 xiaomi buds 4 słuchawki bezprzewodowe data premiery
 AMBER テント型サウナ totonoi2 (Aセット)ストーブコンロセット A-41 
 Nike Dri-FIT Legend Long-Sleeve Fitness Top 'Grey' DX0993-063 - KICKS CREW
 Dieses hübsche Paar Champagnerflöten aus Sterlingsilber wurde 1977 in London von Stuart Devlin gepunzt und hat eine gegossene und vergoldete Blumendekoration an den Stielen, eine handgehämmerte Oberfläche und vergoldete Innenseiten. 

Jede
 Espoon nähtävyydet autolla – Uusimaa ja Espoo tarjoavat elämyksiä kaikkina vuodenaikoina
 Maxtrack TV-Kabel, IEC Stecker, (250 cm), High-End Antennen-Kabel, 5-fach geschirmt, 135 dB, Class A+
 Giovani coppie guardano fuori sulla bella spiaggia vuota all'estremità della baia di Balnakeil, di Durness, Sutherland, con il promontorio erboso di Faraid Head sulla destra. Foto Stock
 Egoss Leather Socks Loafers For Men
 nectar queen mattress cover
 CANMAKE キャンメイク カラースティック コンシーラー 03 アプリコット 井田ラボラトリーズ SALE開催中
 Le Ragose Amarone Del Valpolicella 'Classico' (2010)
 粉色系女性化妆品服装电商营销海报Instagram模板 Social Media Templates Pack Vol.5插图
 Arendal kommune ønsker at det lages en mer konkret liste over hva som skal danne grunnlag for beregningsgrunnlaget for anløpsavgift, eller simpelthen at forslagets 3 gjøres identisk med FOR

§ **Work required**
Return the line that contains "Dieses hübsche Paar", along with every line after it in the data above, exactly and with nothing else.

§ **Output of the exercise**
 Dieses hübsche Paar Champagnerflöten aus Sterlingsilber wurde 1977 in London von Stuart Devlin gepunzt und hat eine gegossene und vergoldete Blumendekoration an den Stielen, eine handgehämmerte Oberfläche und vergoldete Innenseiten. 

Jede
 Espoon nähtävyydet autolla – Uusimaa ja Espoo tarjoavat elämyksiä kaikkina vuodenaikoina
 Maxtrack TV-Kabel, IEC Stecker, (250 cm), High-End Antennen-Kabel, 5-fach geschirmt, 135 dB, Class A+
 Giovani coppie guardano fuori sulla bella spiaggia vuota all'estremità della baia di Balnakeil, di Durness, Sutherland, con il promontorio erboso di Faraid Head sulla destra. Foto Stock
 Egoss Leather Socks Loafers For Men
 nectar queen mattress cover
 CANMAKE キャンメイク カラースティック コンシーラー 03 アプリコット 井田ラボラトリーズ SALE開催中
 Le Ragose Amarone Del Valpolicella 'Classico' (2010)
 粉色系女性化妆品服装电商营销海报Instagram模板 Social Media Templates Pack Vol.5插图
 Arendal kommune ønsker at det lages en mer konkret liste over hva som skal danne grunnlag for beregningsgrunnlaget for anløpsavgift, eller simpelthen at forslagets 3 gjøres identisk med FOR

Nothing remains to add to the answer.